Brian: We were kind of a prototype for them doing that kind of deal and now they’ve basically created a whole business out of licensing that data to others which is part of our investment thesis in that company.
If you look at DocuSign, we had a different example but we’ve had a great partnership with them going back many years in terms of how you could utilize electronic signatures in Office 365. There’s some good selling and marketing motions that go along with that as well that go in both directions and we participated in their last private round as well long after the partnership itself had come to be.
Then if you look at a more recent one which is Mesosphere, the container space, and we’re doing a whole bunch of interesting things both with them and the other container players. We really like that partnership as well both on the technical and go-to market side.
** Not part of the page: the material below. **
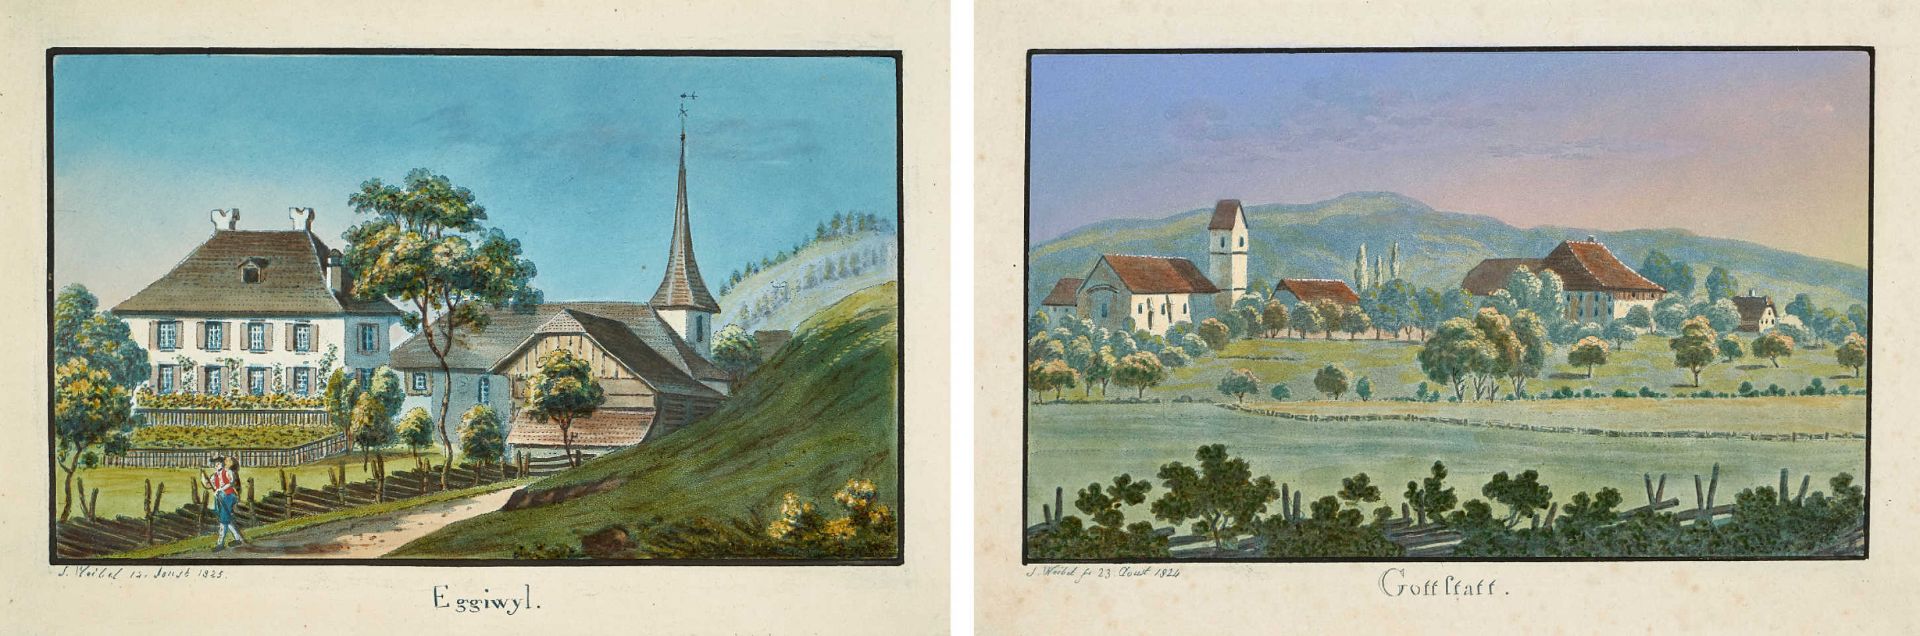 WEIBEL, JAKOB SAMUEL1771 Bern 1846Konvolut.2 Blätter aus "Bernische Landpfarrhäuser": 1. "

Ben: Do you ever see any sort of conflicts arise where you want to be horizontal and participate with everyone kind of let’s just say it’s all the container players in a very democratic and open way and yet you have the strategic bet that you’ve placed on one of them?
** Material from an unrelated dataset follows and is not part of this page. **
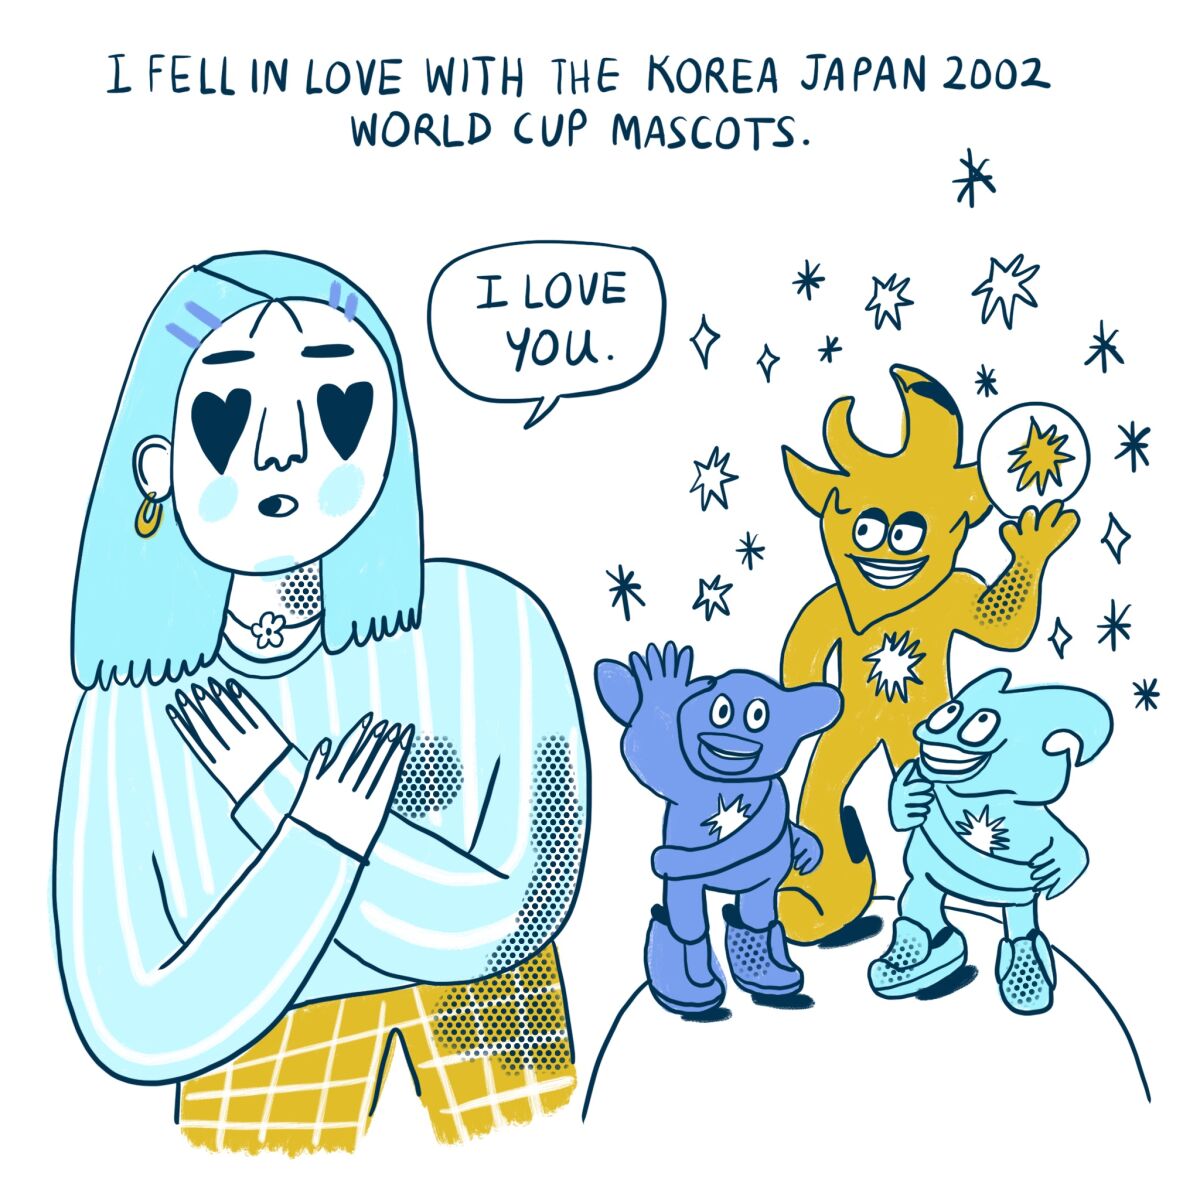 Me enamoré de las mascotas del mundial Corea Japón 2002

Brian: We certainly do. I mean, it obviously depends on the space in terms of how democratic you want to be, if you will. But again, we’re first and foremost technology partners and the commercial deals will speak for themselves. So if we’re going to go and do some sort of exclusive or semi-exclusive whether it would be kind of implied or purposeful exclusivity in any given area, the commercial partnership and how we do that and talk about it will mention that.
Investment is, again, a separate deal. So one good example there would be if you look at a company called Cloudflare that we invested in, doing what they do, they need to be and want to be kind of a neutral party. To do that and to hammer it home, it was actually an interesting approach by that CEO founder to use his investment round as a way to reinforce that message of neutrality. So he got Baidu, us, Qualcomm, and Google all to co-invest together in the same round.
Ben: Very interesting.
Brian: So you can use these investments as tools and again given the right commercial partnership, we certainly had no qualms with those guys as investors.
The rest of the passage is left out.